We then worked to identify, implement and deploy a number of long-term solutions and caching improvements in response to the events that directly preceded this outage and the specific failures that they triggered, and we continued to monitor throughout the day. We are confident that the improvements we have made today will prevent this issue from happening again.

We sincerely apologise for any inconvenience this outage may have caused you.

Please don't hesitate to contact us at support@openexchangerates.org with any questions, comments or concerns about this incident.

Kind regards,

– Open Exchange Rates Team

[1] Retrying failed requests is a common integration practice, although we strongly recommend waiting at least 1 second in between retries to maximise the chance of a successful response.

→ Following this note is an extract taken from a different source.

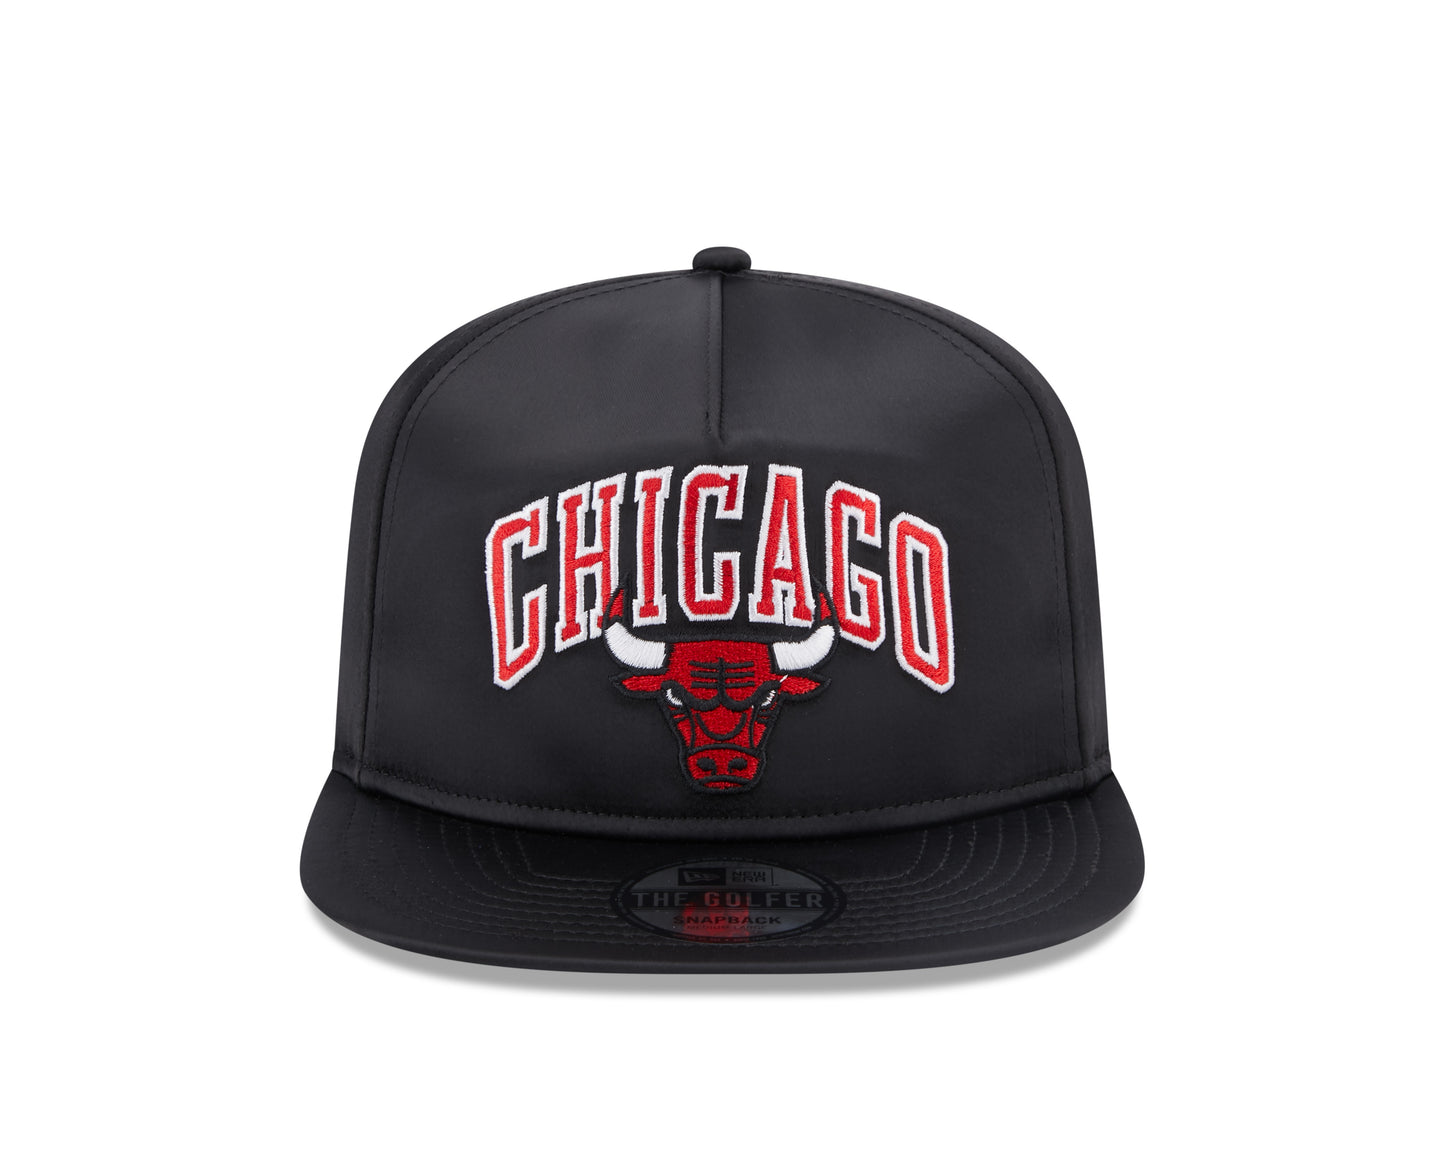 NEW ERA RETRO GOLFER CHICAGO BULLS BLACK CAP

Posted Mar 17, 2017 - 19:15 UTC

Monitoring

We have resolved the immediate issue and API service has returned to normal. We are continuing to monitor and apologise for any inconvenience caused.

Posted Mar 17, 2017 - 04:38 UTC

Update

We have identified an issue in our AWS caching infrastructure which began at approximately 00:00 UTC on March 17th and caused a large volume of 500 errors and timeouts on API requests. We have performed a number of maintenance procedures to stabilise the issue and are now working to implement a solution.

Posted Mar 17, 2017 - 04:21 UTC

Identified

We are looking into an API platform issue, which is causing intermittent timeouts and 500 errors for API clients. We will update as soon as we have any further information.

Posted Mar 17, 2017 - 02:33 UTC